Saat balapan dimulai ulang, Binder sempat menunjukkan kebangkitan impresif. Dari posisi ke-20, ia mampu merangsek hingga posisi ketujuh atau kedelapan sebelum kembali muncul bendera merah yang memaksa seluruh prosedur start diulang dari awal.
“Tapi setelah itu, balapan dimulai ulang, dan mendapat start yang luar biasa; melaju dari posisi ke-20 ke posisi ketujuh atau kedelapan,” jelas Binder.
“Lalu, jelas ada tanda bahaya. Jadi, mulai lagi dari awal.”
Pada restart berikutnya, pembalap Afrika Selatan tersebut tetap mampu menjaga ritme balapnya dan menyentuh garis finis di urutan kesembilan. Namun setelah adanya penalti pasca-balapan terhadap pembalap lain, Bard Binder akhirnya dipromosikan ke posisi ketujuh.
“Saya mendapat start yang lumayan dan berhasil finis di urutan kesembilan. Jadi, akhir pekan yang kacau. Mengingat saya lolos kualifikasi di urutan kedelapan dan memulai balapan dari urutan ke-20 sebanyak dua kali,” tuturnya.
Permasalahan yang dialami Binder memperlihatkan buruknya tingkat keandalan KTM sepanjang akhir pekan Grand Prix Catalunya. Sejumlah pembalap tim pabrikan Austria juga mengalami gangguan teknis yang memengaruhi hasil balapan mereka.
Maverick Vinales sebelumnya gagal menyelesaikan sprint race akibat kendala pada motornya. Sementara itu, Enea Bastianini harus mengakhiri grand prix lebih cepat setelah kehilangan tenaga dua lap sebelum bendera merah pertama dikibarkan.
Masalah serupa juga menimpa motor KTM milik Pedro Acosta. Gangguan kelistrikan menyebabkan tenaga motor hilang secara tiba-tiba dan memicu insiden keras yang melibatkan Alex Marquez. Kecelakaan tersebut kemudian menjadi penyebab utama keluarnya bendera merah pertama di Catalunya.
Bagi Bard Binder, hasil finis ketujuh itu setidaknya menyamai pencapaian terbaiknya pada musim yang berjalan sulit. Situasi pembalap Afrika Selatan tersebut juga semakin menjadi sorotan karena masa depannya bersama KTM masih belum jelas.
Posisi Binder di tim pabrikan KTM disebut-sebut mulai terancam seiring munculnya peluang bagi Alex Marquez dan Fabio Di Giannantonio untuk bergabung. Di tengah dinamika bursa pembalap MotoGP, nama Binder juga belum terlalu menonjol dalam daftar kandidat utama tim lain.
Meski demikian, Binder tetap mencoba mengambil sisi positif dari akhir pekan yang kacau di Barcelona. Ia merasa telah menemukan peningkatan performa yang dapat menjadi modal penting untuk seri-seri berikutnya.

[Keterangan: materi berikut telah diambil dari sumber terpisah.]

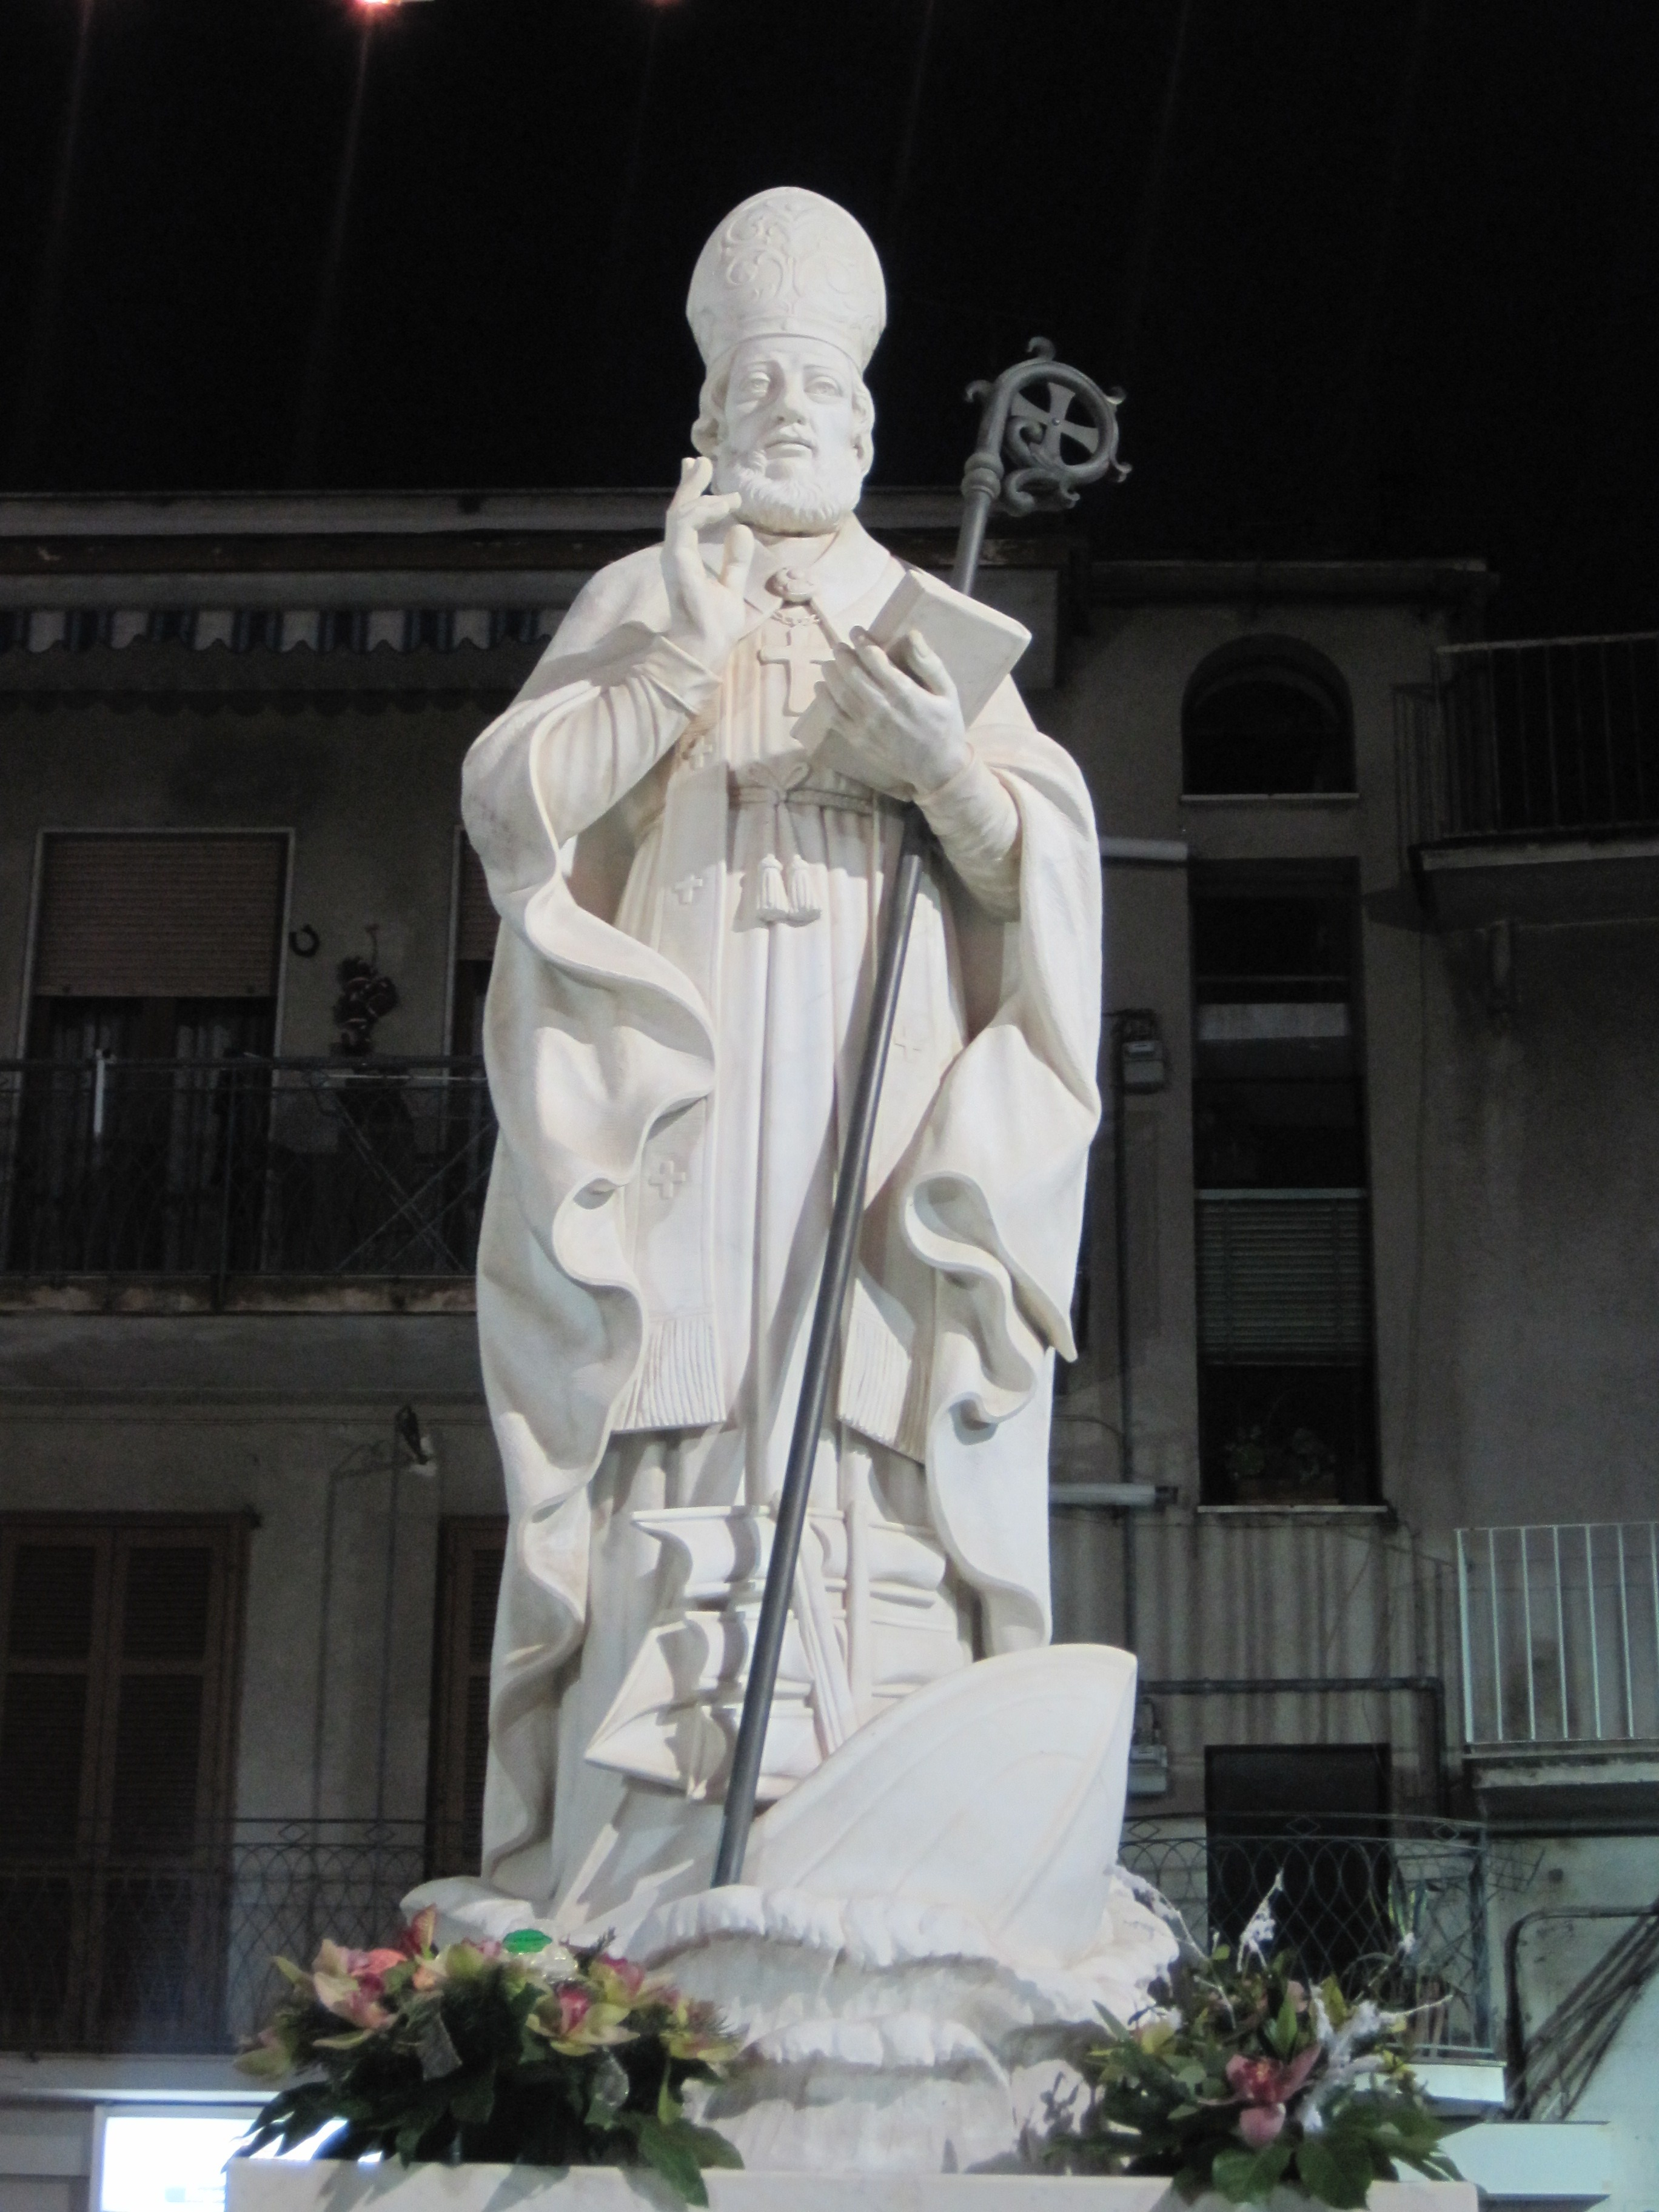 Marmorstatue av Paulinus i Via Ottaviano Augusto i Nola

“Agak kacau, tetapi ke depannya, mudah-mudahan kita bisa mempertahankan hal-hal positif dari akhir pekan ini karena di beberapa area akhir pekan lalu saya memiliki kecepatan dan daya tahan yang sangat baik,” ujar Bard Binder.
“Jadi, saya juga mencatatkan waktu putaran yang sangat cepat dalam balapan itu.”
“Jadi, saya merasa kita telah membuat kemajuan yang baik, dan sekarang kita hanya perlu menyatukan semuanya.”